Federer the best, thinks Rod Laver
If he could pick any player from any era to test himself against, Federer would like a shot at Rod Laver or Borg.
Melbourne: If he could pick any player from any era to test himself against, Roger Federer would like a shot at Rod Laver or Bjorn Borg.
Laver, the last man to win all four majors in one season, was in the stadium, that carries his name, on Thursday to witness Federer dismantle Andy Roddick in the Australian Open semi-finals. After what he saw, Laver would just as soon stick to meeting Federer in the locker room, after the matches.
Federer likes to put on a show when Laver is at Rod Laver Arena, and called his 6-4, 6-0, 6-2 victory over Roddick his best match in Melbourne.
"I had one of these days when everything worked. I was unbeatable. I was playing out of my mind. I am shocked myself," the Swiss star said.
The win put him in his seventh consecutive Grand Slam final, tying a record set by Jack Crawford in 1934, and left him only one victory from a 10th Grand Slam title.
With seemingly few challengers among his contemporaries, Federer is often asked about facing one of the greats from another time - Laver and Borg come to his mind.
Both won 11 majors. Borg from 16 finals spanning 1974 to 1981, and Laver in a five-season run wedged around his absence from the Grand Slam tournaments from 1963-67.
By Sunday, Federer is likely to be only one major title behind, although Laver expects him to go a lot further and break Pete Sampras' record of 14 Grand Slam titles.
"I think the art of Roger is probably the best player I've ever seen . The way he's compiling the Grand Slam titles, I think he's got a great chance of being the best ever," Laver said.
The 68-year-old Laver made a rare return to Melbourne from California to marvel Federer again.
"Roger's got too many shots, too much talent in one body. It's hardly fair that one person can do all this - his backhands, his forehands, volleys, serving, his court position - the way he moves around the court, you feel like he's barely touching the ground. That's the sign of a great champion," Laver said.
Roddick, who beat Federer in an exhibition tournament less than two weeks ago and had match points against him at the Masters Cup last November, rated the prospect of an upset as 'slim'.
Federer reached the finals of all four majors last year, deprived of a Grand Slam in a four-set loss to Rafael Nadal at the French Open. He has led the rankings since February 2004.

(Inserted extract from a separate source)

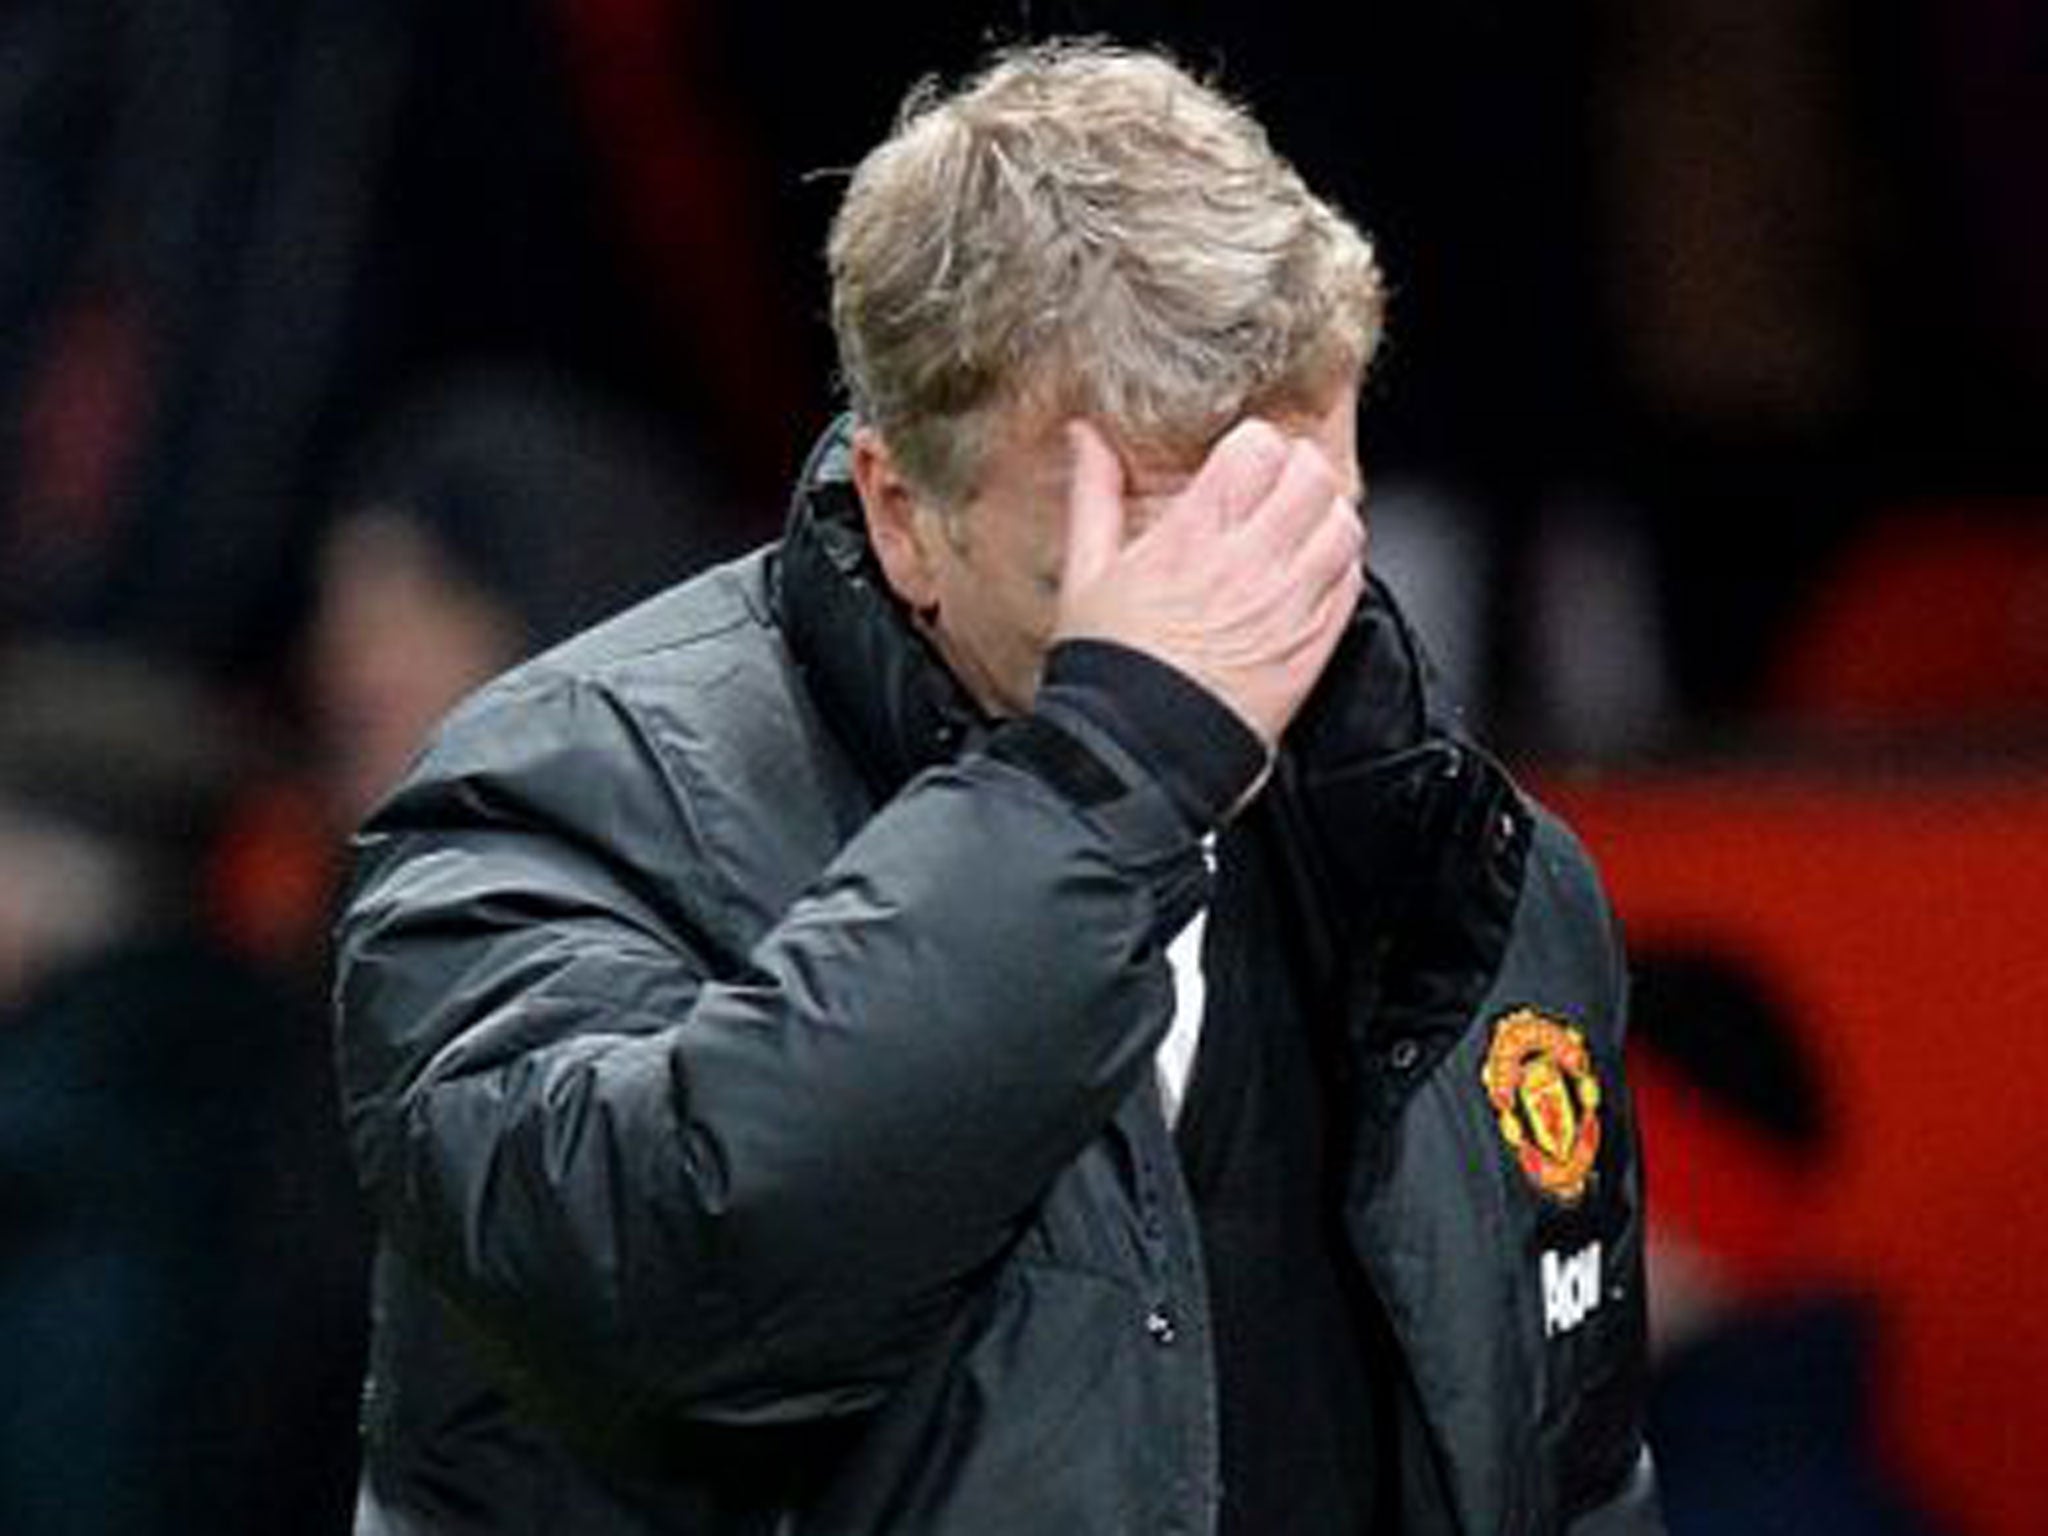 Manchester United manager David Moyes is enduring a tough first season at Old Trafford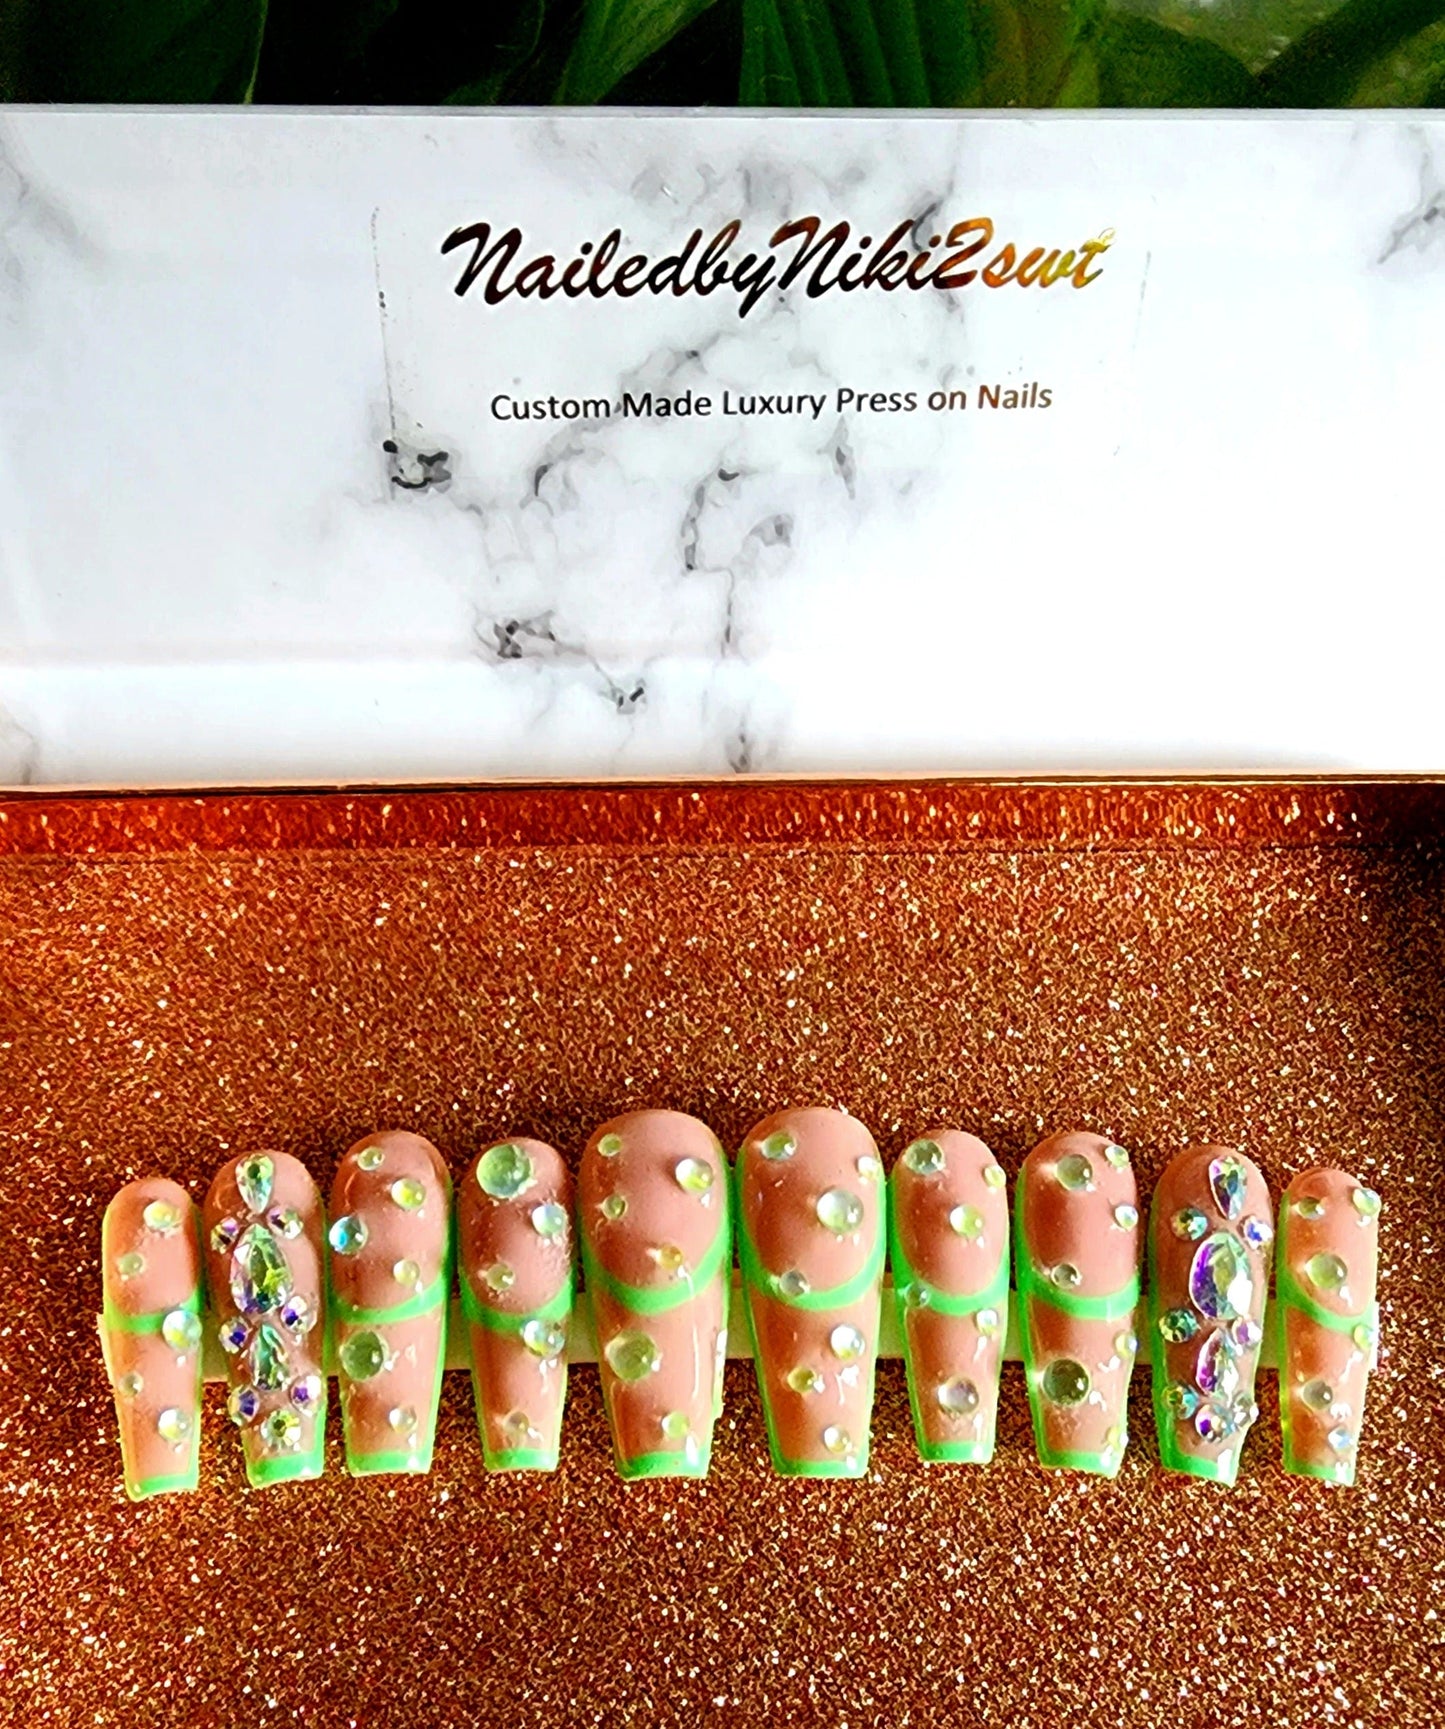 NailedByNiki2swt Beauty and Nails Drizzle - Ready to ship Press on Nails Self Care Accessories

Laver, who had Grand Slam seasons in 1962 and 1969, thinks Federer is setting himself up for a run at a Grand Slam season and has all the shots he needs to shatter the tennis records.
Laver went into the locker room to congratulate Federer and renew a friendship that started last year. Asked of Laver's assessment, Federer replied: "Oh, he said it was excellent, which is nice to hear."